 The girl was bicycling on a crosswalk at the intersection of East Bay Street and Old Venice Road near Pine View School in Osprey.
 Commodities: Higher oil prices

____

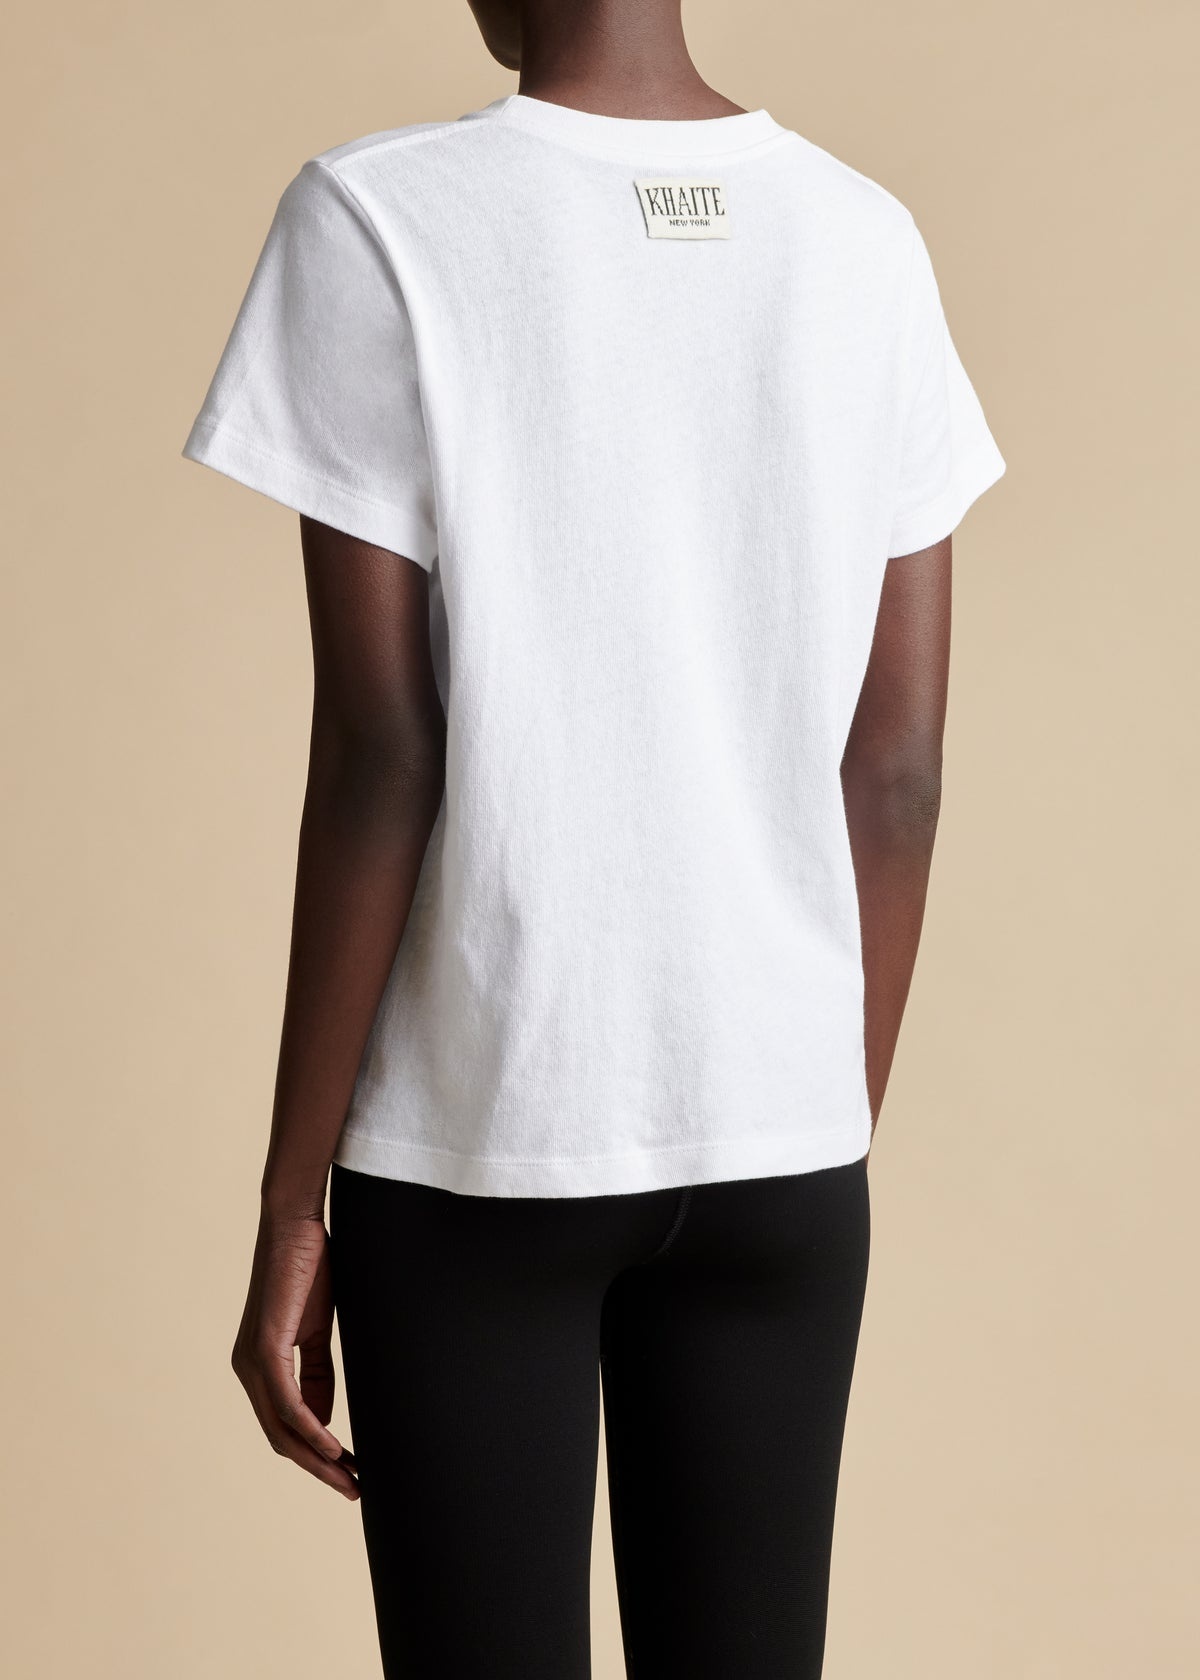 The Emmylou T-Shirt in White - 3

____

__WHAT TO PRODUCE__:
In the listing above, find the line with "The girl was" and the line with "Commodities: Higher oil prices"; set down exactly those two lines and every line between them, nothing more.

__SOLUTION FOR THIS TASK__:
 The girl was bicycling on a crosswalk at the intersection of East Bay Street and Old Venice Road near Pine View School in Osprey.
 Commodities: Higher oil prices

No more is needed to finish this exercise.